2. It's Still a Work in Progress
Researchers believe that the prototype still has some improvements to be made, which include giving it a small "brain" to function and a battery small enough for RoboBee to fly in the air without connection to a power source. Researcher Kevin Mas said, "Large robots can run on electromagnetic motors, but at this small scale you have to come up with an alternative, and there wasn't one."
3. RoboBee Has a Future in Surveillance
With the RoboBee still in development, scientists hope that it can be used for important purposes like surveillance, search and rescue operations, and even monitoring many different environments. With an innovation like this, researchers believe that RoboBee can open more doors for techhology.
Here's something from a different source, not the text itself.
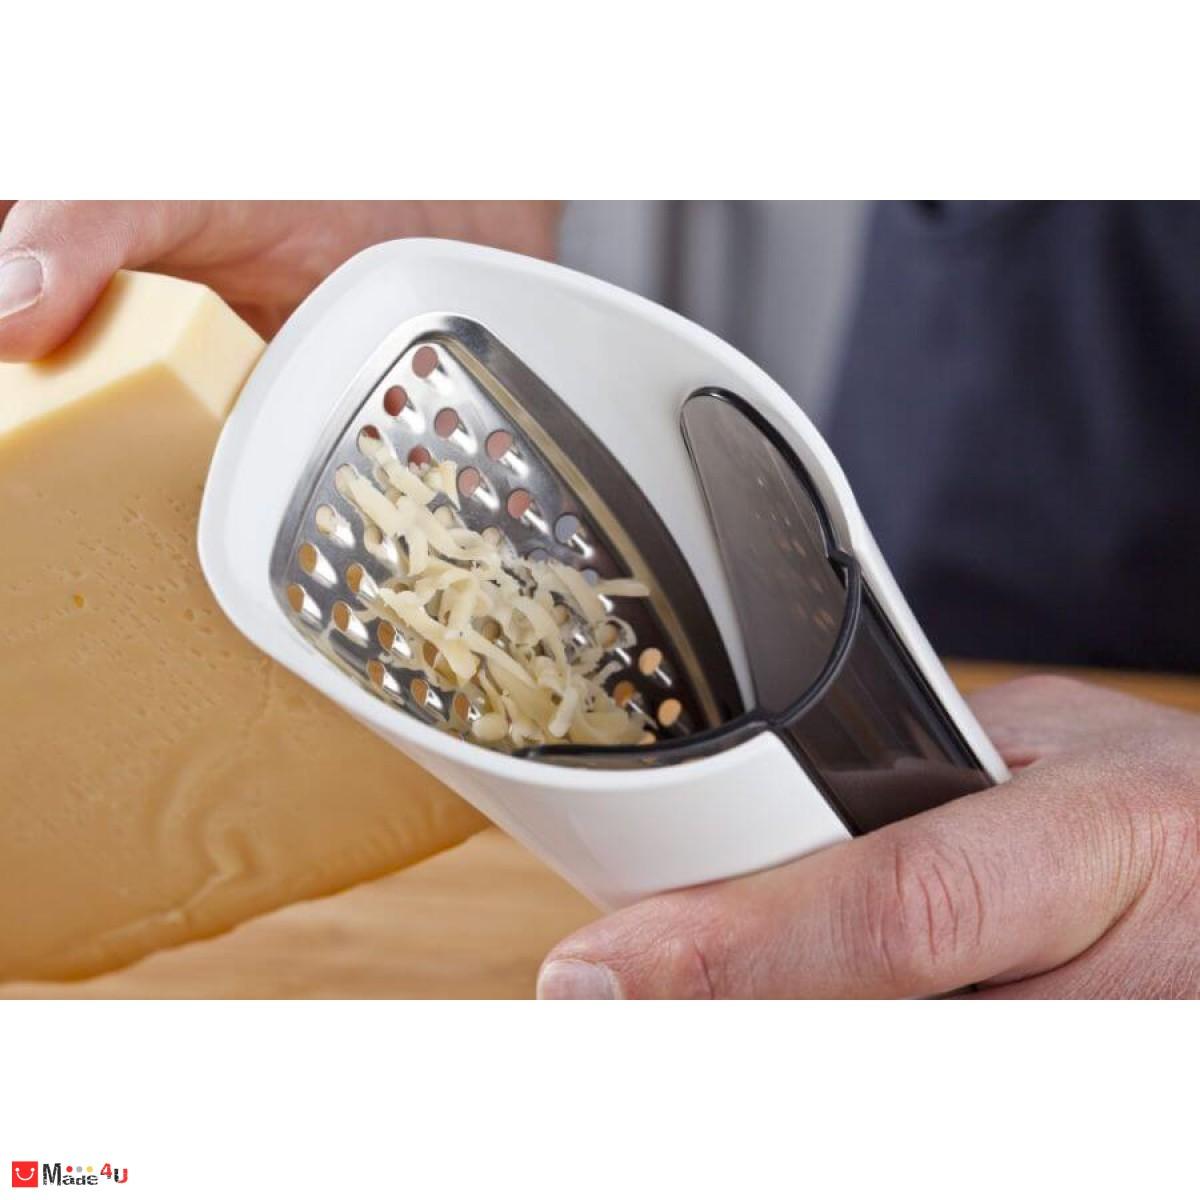 Ренде за сирене и кашкавал

Project leader Professor Robert Wood explains that, "This project provides a common motivation for scientists and engineers across the university to build smaller batteries, to design more efficient control systems, and to create stronger, more lightweight materials."
4. It Was Built to Discover the Anatomy of Flies
Harvard University's robotic experiment was meant for engineers to discover the capabilities of a fly. By adhering together thin layers of composite materials, engineers were able to build the engine, muscles, thorax, skeleton and wings. Just like a real fly, the wings move by themselves and can flap and rotate. "Their capabilities exceed what we can do with our robot, so we would like to understand their biology better and apply it to our own work," team member Dr. Sawyer Fuller said.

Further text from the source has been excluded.